12. Independent Contractor/No Agency. The relationship between Company and Buyer shall be that of independent contractor and nothing in these Terms and Conditions shall in any way be construed to constitute Buyer as an agent, employee, or representative of the Company or Company as an agent, employee, or representative of Buyer.
13. ASSIGNMENT. Buyer shall not assign in whole or in part any of its rights and obligations with respect to these Terms and Conditions or any contract formed pursuant hereto without the express written consent of Company.
14. Attorneys’ Fees. If Company retains legal counsel to enforce any of these Terms and Conditions or to recover damages from Buyer arising from Buyer’s breach of these Terms and Conditions, then Buyer shall pay Company’s reasonable attorneys’ fees together with cost of suit at both trial and appellate levels.
15. Applicable Law; Jurisdiction. These Terms and Conditions shall be governed by and construed in accordance with the internal laws of the State of Wisconsin, without regard to its conflict of laws principles or rules of construction concerning the draftsman hereof.

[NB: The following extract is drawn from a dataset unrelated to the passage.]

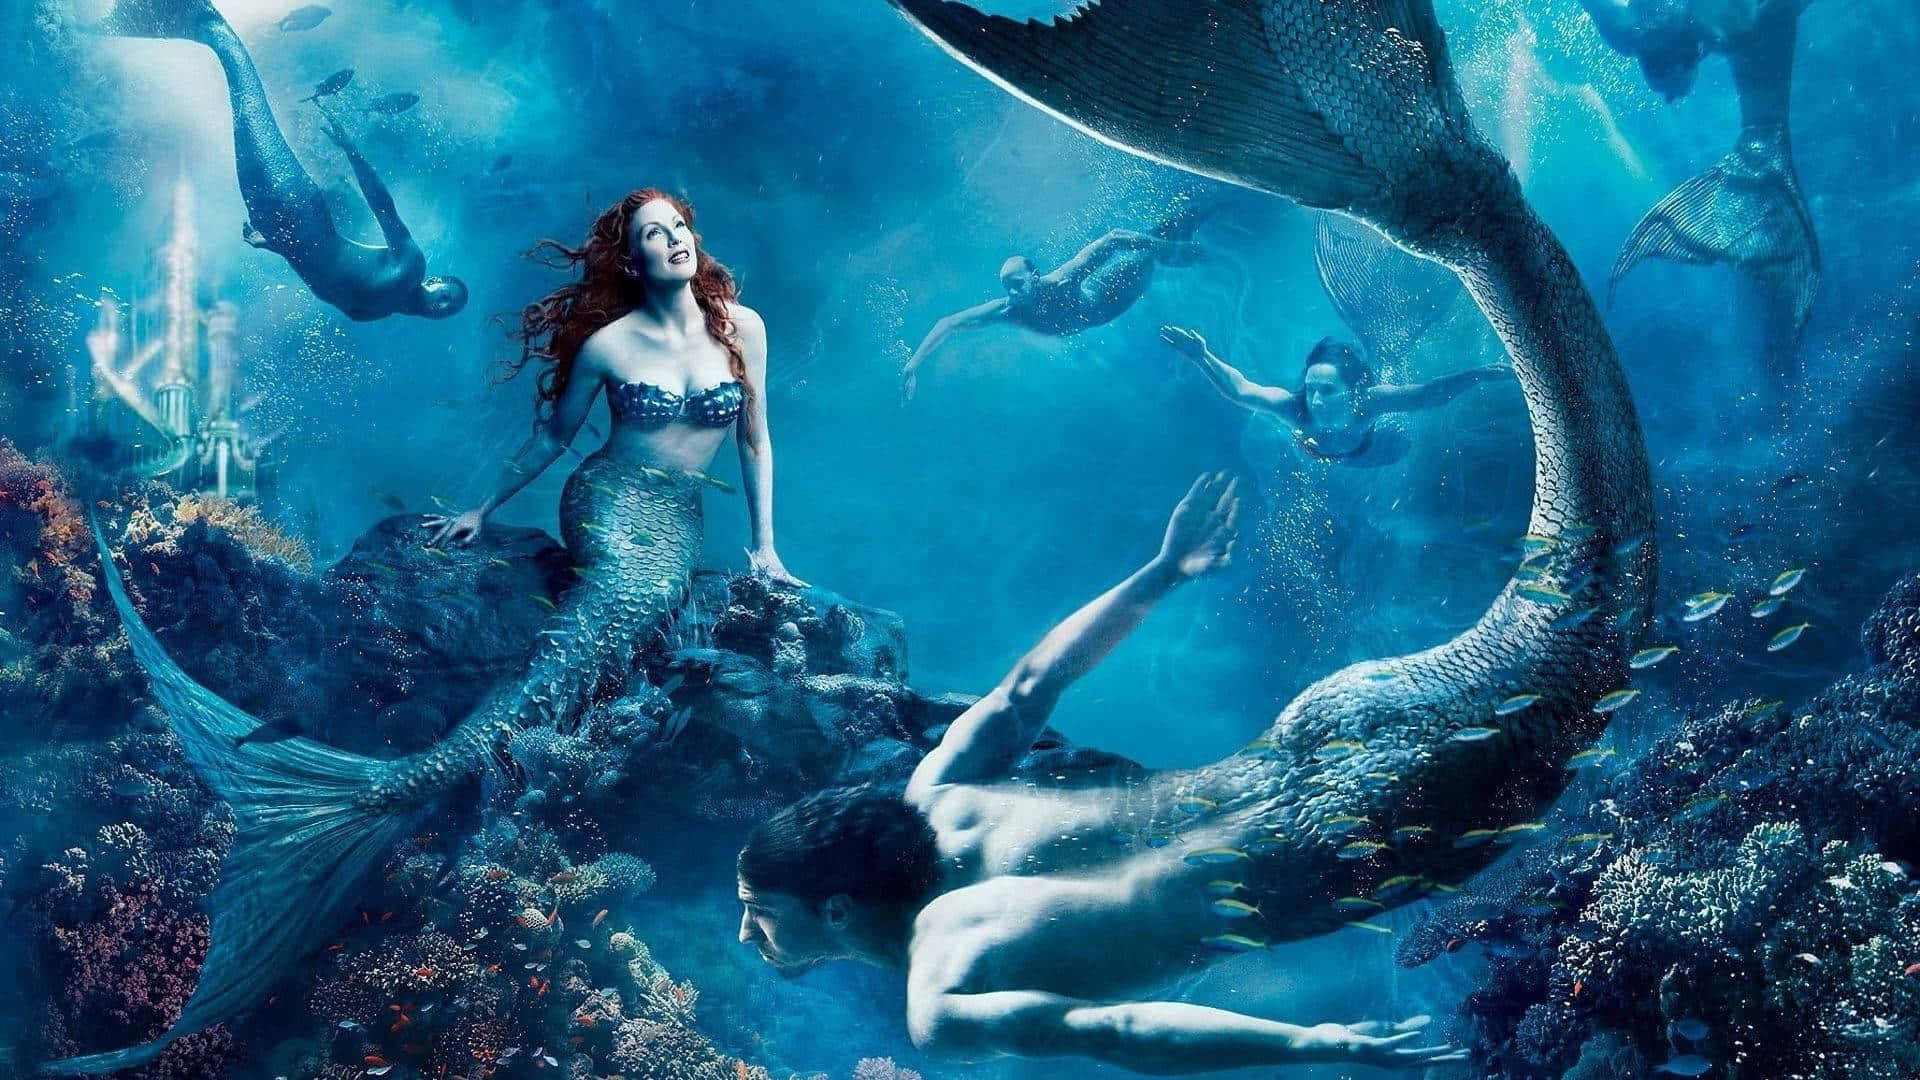 Julianne Moore And Michael Phelps As Mermaids Wallpaper

Any controversy, claim or dispute arising out of or relating to this Agreement or the relationship, either during the existence of the relationship or afterward, between the parties hereto, their assignees, affiliates, attorneys, or agents, shall be litigated solely in state court in Dane County, Wisconsin or the United States District Court for the Western District of Wisconsin. Each Party (1) submits to the jurisdiction of such court, and (2) waives the defense of an inconvenient forum.